4 minute read
Living in the Five Towns
Look what’s happening
AprIL
Courtesy Five Towns Kiwanis The Five Towns Kiwanis Club donated facemasks to the health care workers at LIJ Valley Stream Northwell Health.


MAY
Jeffrey Bessen/Herald In lieu of its annual Memorial Day Parade, the Inwood community celebrated essential workers in the wake of the coronavirus pandemic..

JuNe
Jeffrey Bessen/Herald Five Towners took part in a march through Cedarhurst and Lawrence to show their support for the Black Lives Matter movement.

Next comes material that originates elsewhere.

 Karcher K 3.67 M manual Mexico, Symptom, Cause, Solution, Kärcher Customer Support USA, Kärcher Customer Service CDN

Courtesy Sasha Young At least 3,000 donated facemasks were distributed at the Five Towns Community Center. From left Jessica Dennehy, Community Center Executive Director K. Brent Hill, Erika Kirchner, Diane Kirchner, Sasha Young, State Sen. Todd Kaminsky, Sarah Hayes, Marianella Mena, Pattie Slaton, Tzigane Morris and Edward Dennehy.
LIVING IN the Five towns
Across the Five Towns, living has changed dramatically in the past several months, from schools and businesses closing in March to the four-phase reopening of the economy that continues.

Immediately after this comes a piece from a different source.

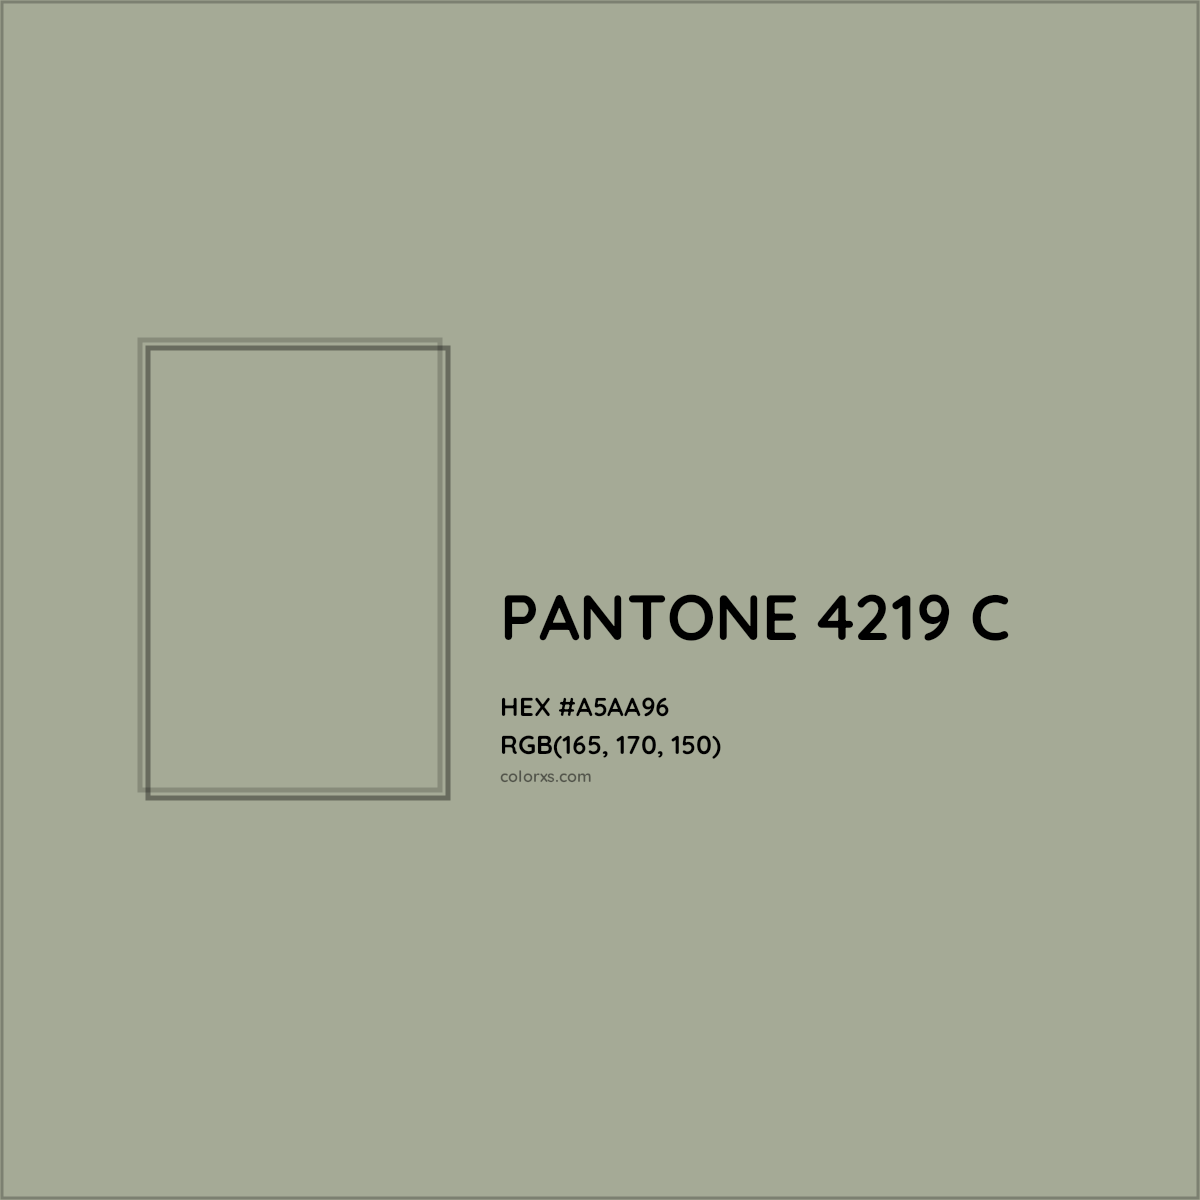 HEX #A5AA96 PANTONE 4219 C CMS Pantone PMS - Color Code

For the uninitiated, the Five Towns are Cedarhurst, Hewlett, Inwood, Lawrence and Woodmere. The area also includes Atlantic Beach, Hewlett Bay Park, Hewlett Harbor, Hewlett Neck, Meadowmere Park, North Woodmere and Woodsburgh.
School buildings shut down, which caused disruption to the school year and compelled districts and private schools to transform rapidly from in-person instruction to remote learning, a combination of which will be used as the new school year unfolds.
Instead of the usual late winter, spring and summer events that are synonymous with living in the Five Towns, there were collections and donations of facemasks, gloves and hand sanitizer, along with organizations helping to feed essential workers and those in need after many lost their jobs.
The Five Towns Community Center in Lawrence is now a beehive of activity, from Gammy’s Pantry, run by Inwood resident Sasha Young, offering food, clothes and other items for free, to the pantry becoming a Long Island Cares site that also provides free food.
In Hewlett, Blair Longaro organized Feeding Local Heroes and Friends, which had ordinary people ordering food from restaurants that was then delivered to hospital workers, police officers, firefighters and pharmacists.
The Marion & Aaron Gural JCC partnered with ComContinued on next page

Jeffrey Bessen/Herald Emily Simens, left, and Stacey Simens, from Hewlett, ate lunch under the outdoor tent at Friendlier Italian Restaurant in Woodmere. Continued from previous page munity Chest South Shore and Gabriel Boxer, the Kosher Guru, and many other sponsors to distribute free fresh food and produce community-wide. The Gural JCC also distributes or delivers food to those in need through its Rina Shkolnik Kosher Food Pantry.
Lawrence-based Achiezer remains at the forefront of assisting the Five Towns with Covid-19-related issues. The community resource center, founded and run by Rabbi Boruch Bender, helped bring a temporary outpatient center to Sh’or Yoshuv Institute in Lawrence at the height of the pandemic.
Stalwart charitable organizations such as the Kiwanis of the Five Towns and Peninsula Kiwanis continued their history of giving by collecting personal protective equipment such as face masks, gloves and gowns, and donating the items to hospitals and the police. Five Towns Kiwanis helped to bring food to seniors in need.
It was never easy or easygoing. At the beginning of the pandemic, there were many instances of people across the Five Towns not disposing of the protective gloves properly and just throwing them on the ground. Photographs of the trashed gloves appeared, public shaming arose on local Facebook pages, and it ceased to be a problem.
Because people could not congregate together in large groups, celebrations such as birthdays, retirements and school graduations took on a new appearance. Many on Long Island began organizing vehicle parades and driving by or parking at celebrants’ houses in the case of birthdays or retirements. Graduation parades took routes to drive by graduates’ homes, or in the case of Hewlett High School, the Homecoming parade route was used.
Summer in the Five Towns was different as well. The annual Santa Marina Festival in Inwood was canceled. Beach clubs, village beaches and county- and town-run swimming pools needed to adhere to state guidelines for capacity and social distancing, while ensuring that people wore facemasks.
Because not every day camp opened, and because only a few sleepaway camps opened, the campers and teenagers who usually spent hours or weeks away from home had to find other diversions. Older teens founded small businesses, such as Hewlett residents and twin brothers Caleb and Josh Goldstein, who created Five Towns Lifeguards and offered their skills to supervise children at backyard swimming pools.
The pandemic remains, and at press time in late August, it was unclear how the remainder of the 2020 would look. Would the outdoor fall fairs be held? Would all the Christmas tree and Hanukkah menorah lightings take place?
Living in the Five Towns has become different, but no less interesting.